Он не ведал ничего о могилах, но сказал, что один старик, здешний лесничий, который живет в настоящее время в доме священника в двух милях отсюда, знает каждое надгробие старинного рода Карнштайн. За небольшие чаевые лесоруб брался, если мы одолжим ему одну из наших лошадей, привезти старика сюда за полчаса с небольшим, что он и сделал.

– Давно вы служите в здешнем лесу? – спросил старика мой отец.

– Я здесь в лесниках, у старшего лесничего в подчинении, сколько себя помню, – отвечал он на своем patois, – а до меня – папаша мой и все мои деды и прадеды, каких я знаю. Могу вам в здешней деревне тот самый дом указать, где мои предки жили испокон веку.

– А как случилось, что деревня опустела? – спросил генерал.

– Мертвяки тут пошаливали, ваша милость. После их выследили, могилы раскопали, все, как положено, проверили и поступили по закону: головы отсекли, колья вогнали и сожгли их на костре, но прежде того они много селян сгубили. Все было устроено, как закон велит, – продолжал он, – могил раскопали видимо-невидимо, оживших мертвецов отправили на тот свет, а в деревне – все неспокойно. Но тут случилось одному знатному господину из Моравии проезжать по здешним местам. Дошло до него, что здесь за дела творятся, и взялся он избавить нашу деревню от этой напасти. Он в этих делах знал толк – в тамошних краях таких мастаков много. Вот что он сделал: дождался ночи, когда ярко светила луна, и, как зашло солнце, поднялся на башню вот этой самой церкви. Оттуда кладбище, что внизу, видно как на ладони. Глядит он и видит: вампир вылезает из могилы, полотно, в которое был завернут, рядышком складывает и шасть в деревню – народ изводить.

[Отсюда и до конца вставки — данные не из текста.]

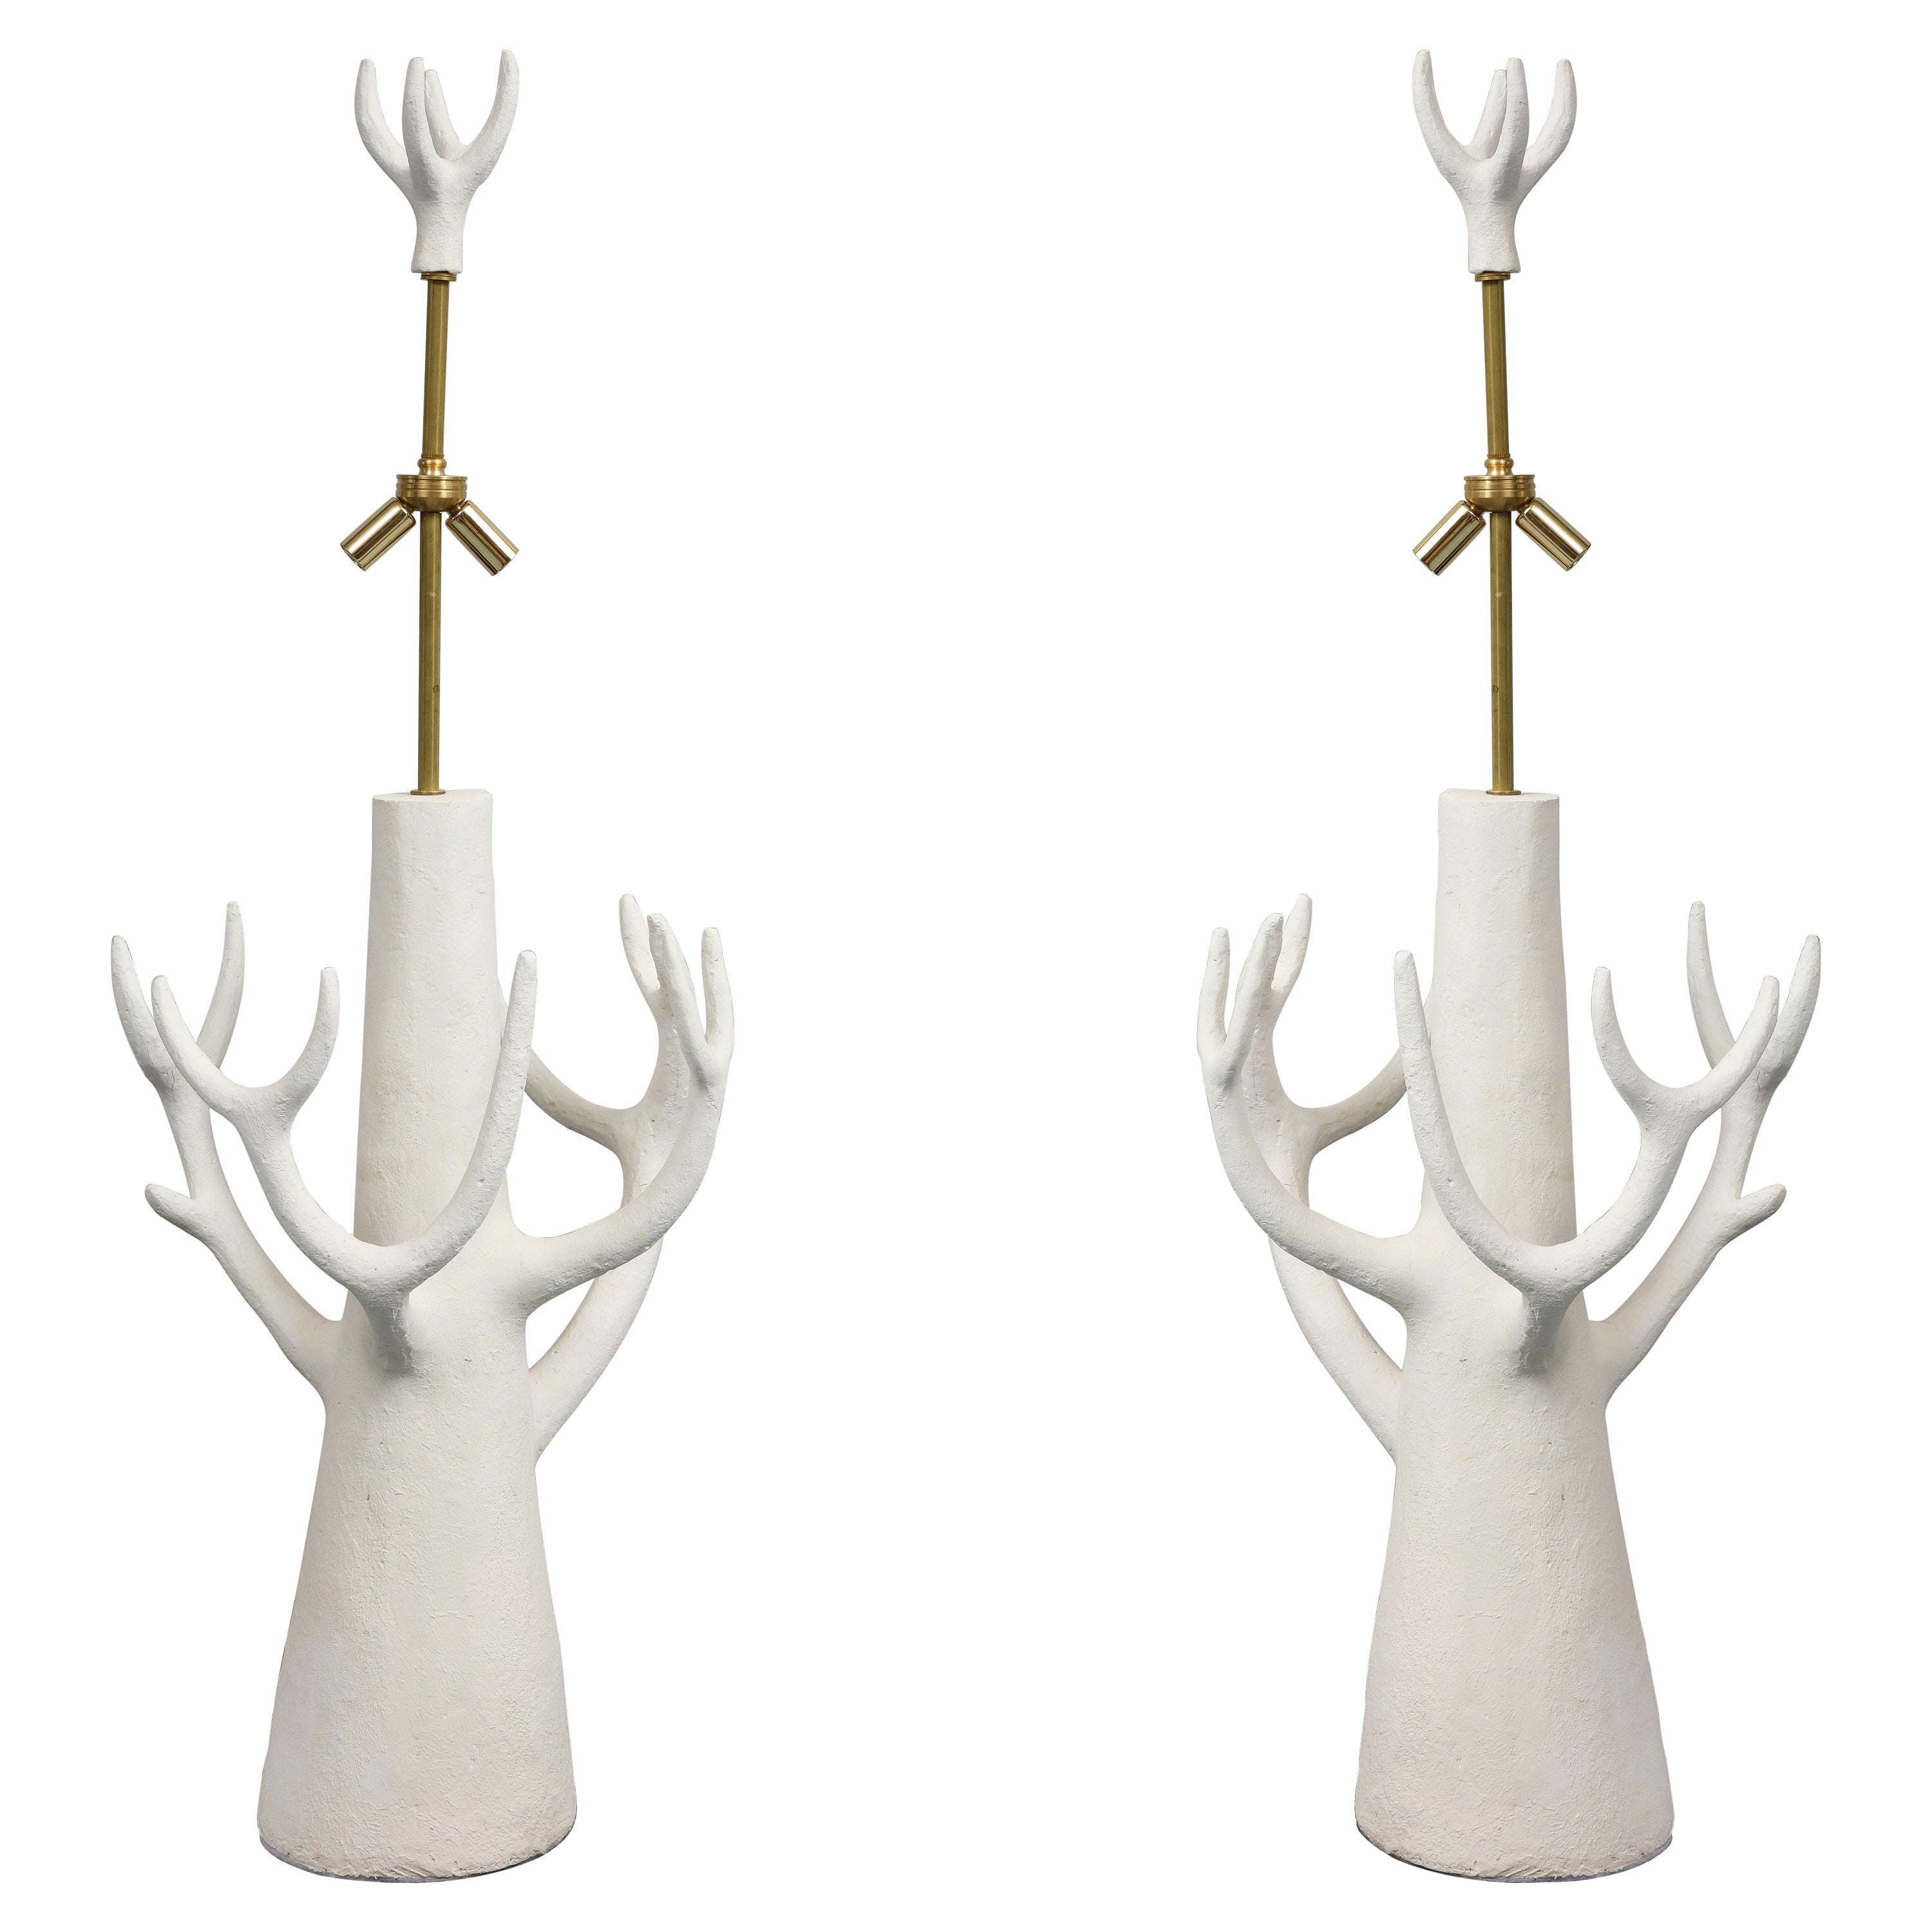 Dieses Lampenpaar aus weißer Keramik wurde von dem Bildhauer Jacques Darbaud geschaffen.  Der Baum war wahrscheinlich die Inspiration. Die Lampen  sind amerikanisch verkabelt. Diese Lampen  können ebenso gut wie Skulpturen betrachtet werden.

Чужеземный господин сошел тогда с башни, прихватил саван и взобрался с ним обратно. Вампир воротился, а савана как не бывало. Углядел он на башне того господина из Моравии и как закричит на него. А тот ему в ответ знак подает: полезай, мол, сюда, забирай свое добро. Вампир послушался, стал карабкаться на крышу. Долез до края, а моравский господин мечом ему череп надвое и расколол и спихнул его вниз, на церковный двор. А после сошел по винтовой лестнице и отсек ему голову. На другой день отнес ее с телом вместе в деревню, там народ вбил в вампира кол, а после сжег, как заведено.

Тот знатный моравский господин имел позволение от тогдашнего старшего в роду перенести гробницу Миркаллы, графини Карнштайн. Так он и сделал, и скоро все позабыли, где она стояла прежде.

– А ты не можешь показать нам, где она была? – спросил генерал нетерпеливо.

Лесник покачал головой и улыбнулся.

– Теперь это ни единой живой душе неведомо, да и тело, говорят, снесли в другое место, но и этого вам в точности никто не скажет.

Закончив рассказ, лесник второпях уронил на землю топор и удалился, а мы остались дослушивать странную историю генерала.

Глава XIV

Встреча

– Моей дорогой девочке, – снова заговорил генерал, – становилось все хуже и хуже. Врач, который лечил ее, оказался бессильным справиться с болезнью – а я тогда считал это болезнью. Он видел мою тревогу и предложил устроить консультацию. Я пригласил более знающего врача из Граца. Через несколько дней доктор прибыл. Он оказался добрым, набожным, а также и ученым человеком. Осмотрев вместе мою бедную воспитанницу, оба врача удалились в библиотеку для совещания. Из соседней комнаты мне слышно было, что их голоса звучат несколько резче, чем бывает при отвлеченной дискуссии. Я постучал в дверь и вошел. Оказалось, что старый доктор из Граца излагает свою теорию, а соперник оспаривает его слова с нескрываемой насмешкой, разражаясь при этом приступами хохота. С моим приходом неподобающие проявления прекратились, и перебранка закончилась.